On March 1, 2022, the U.S. Equal Employment Opportunity Commission (EEOC) updated its guidance about “What You Should Know About COVID-19 and the ADA, the Rehabilitation Act, and Other EEO Laws” by adding several questions about religious objections employees may have to COVID-19 vaccine requirements under Title VII of the Civil Rights Act of 1964 (Title VII) which prohibits employment discrimination based on religion.

The EEOC enforces Title VII, which includes a right for job applicants and employees to request an exception, called a religious or reasonable accommodation, from an employer requirement that conflicts with their religious beliefs, practices, or observances. If an employer shows that it cannot reasonably accommodate an exception without undue hardship on its operations, the employer is not required to grant the accommodation.

The EEOC suggests people interested in religious accommodation view Section 12: Religious Discrimination and Guidelines on Discrimination Because of Religion. Although other laws, such as the Religious Freedom Restoration Act, also may protect religious freedom in some circumstances, the EEOC guidance only describes employment rights and obligations under Title VII. The following questions were added to the guidance:

  • Do employees who have a religious objection to receiving a COVID-19 vaccination need to tell their employer? If so, is there specific language that must be used under Title VII?
  • Does an employer have to accept an employee’s assertion of a religious objection to a COVID-19 vaccination at face value? May the employer ask for additional information?
  • How does an employer show that it would be an “undue hardship” to accommodate an employee’s request for religious accommodation?
  • If an employer grants some employees a religious accommodation from a COVID-19 vaccination requirement because of sincerely held religious beliefs, practices, or observances, does it have to grant all such requests?
  • Must an employer provide the religious accommodation preferred by an employee if there are other possible accommodations that also are effective in eliminating the religious conflict and do not cause an undue hardship under Title VII?
  • If an employer grants a religious accommodation to an employee, can the employer later reconsider it?

Here is how the EEOC designed its own Religious Accommodation Request Form for its own workplace. Although the EEOC’s internal forms typically are not made public, it was included in the guidance given the extraordinary circumstances facing employers and employees due to the COVID-19 pandemic. (Note: Individuals not employed by the EEOC should not submit this form to the EEOC to request a religious accommodation.)

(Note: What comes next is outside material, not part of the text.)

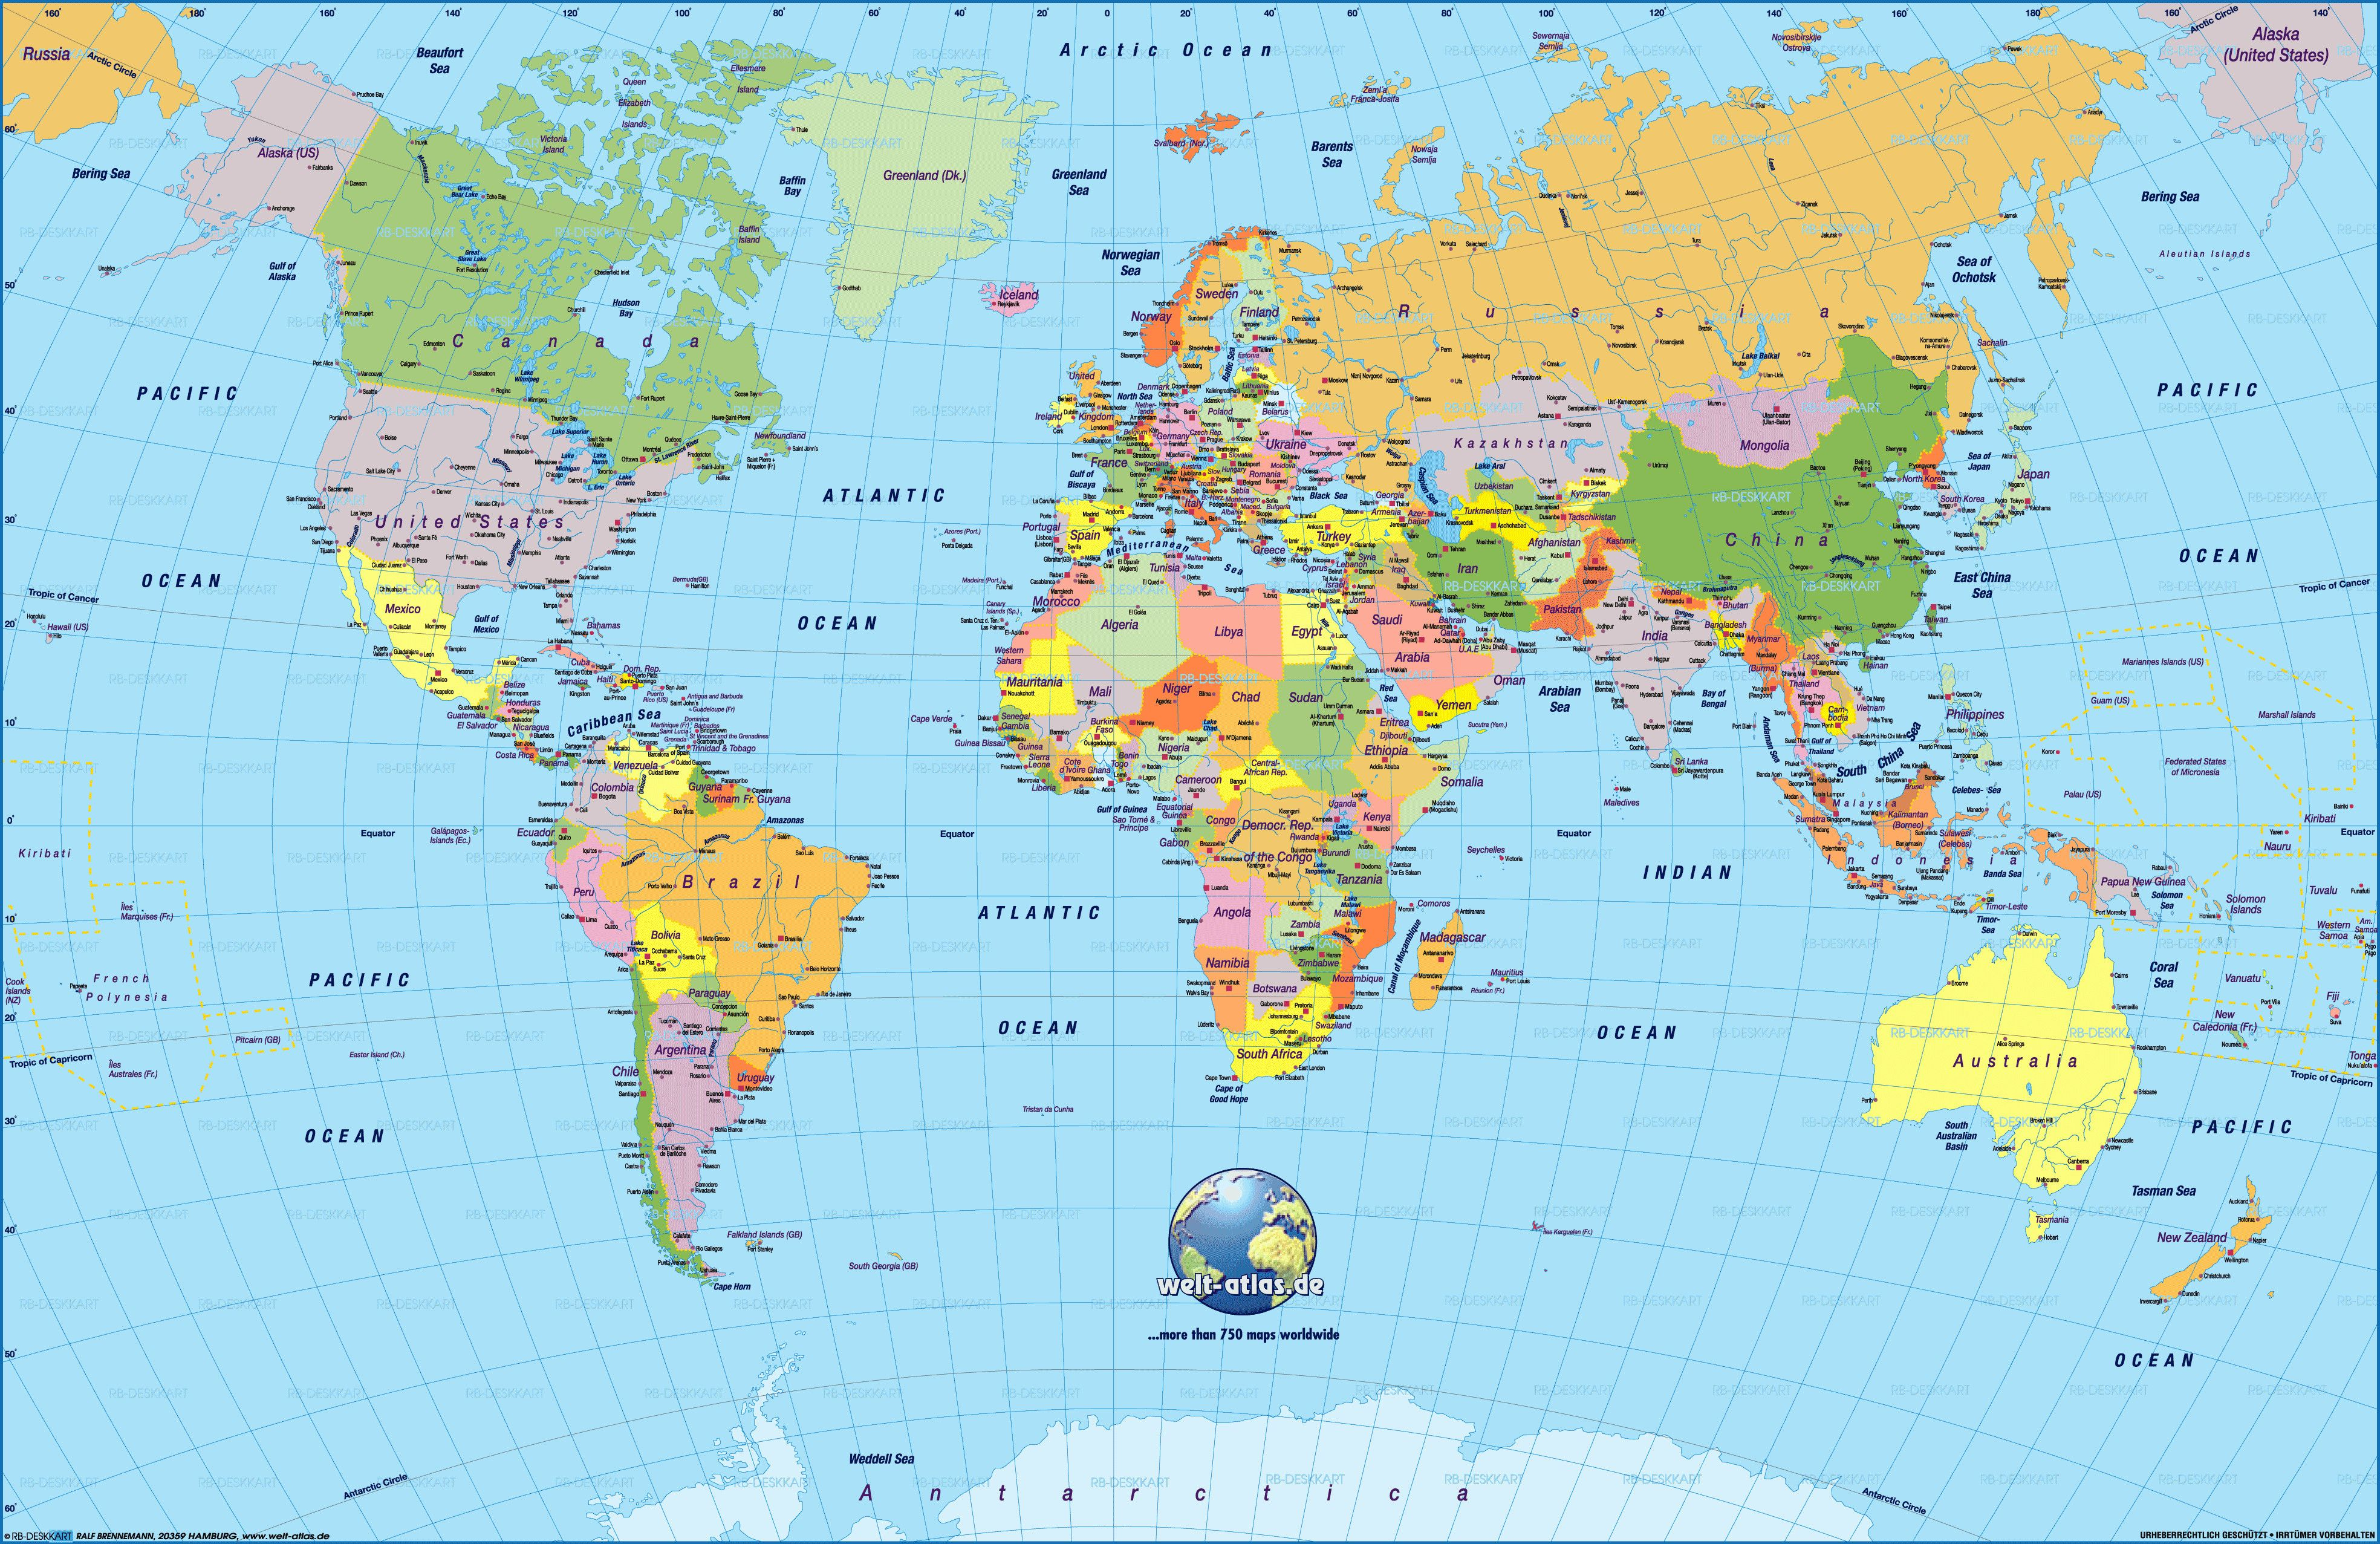 Printable World Map 2018 - 16.mackenzieinteriors.co • - Free Printable World Map

The EEOC is responsible for enforcing federal laws that make it illegal to discriminate against a job applicant or an employee because of the person’s race, color, religion, sex (including pregnancy, transgender status, and sexual orientation), national origin, age (40 or older), disability, or genetic information. Most employers with at least 15 employees are covered by EEOC laws. To learn more about the EEOC, visit www.eeoc.gov.

COVID-19 is a potentially deadly respiratory illness that spreads from person to person. As of March 1, 2022, there are more than 437 million global cases and more than 5.9 million global deaths, while the United States leads the world with more than 79 million cases and more than 951,000 deaths, according to the COVID-19 Dashboard by the Center for Systems Science and Engineering at Johns Hopkins University.

Employment Screening Resources (ESR) – a service offering of ClearStar, a leading provider of Human Capital Integrity℠ technology-based services specializing in background and medical screening – offers a white paper about background checks in the age COVID-19 and also posts blogs about how COVID-19 is impacting employers on the ESR News Blog. To learn more about background screening, contact ESR today.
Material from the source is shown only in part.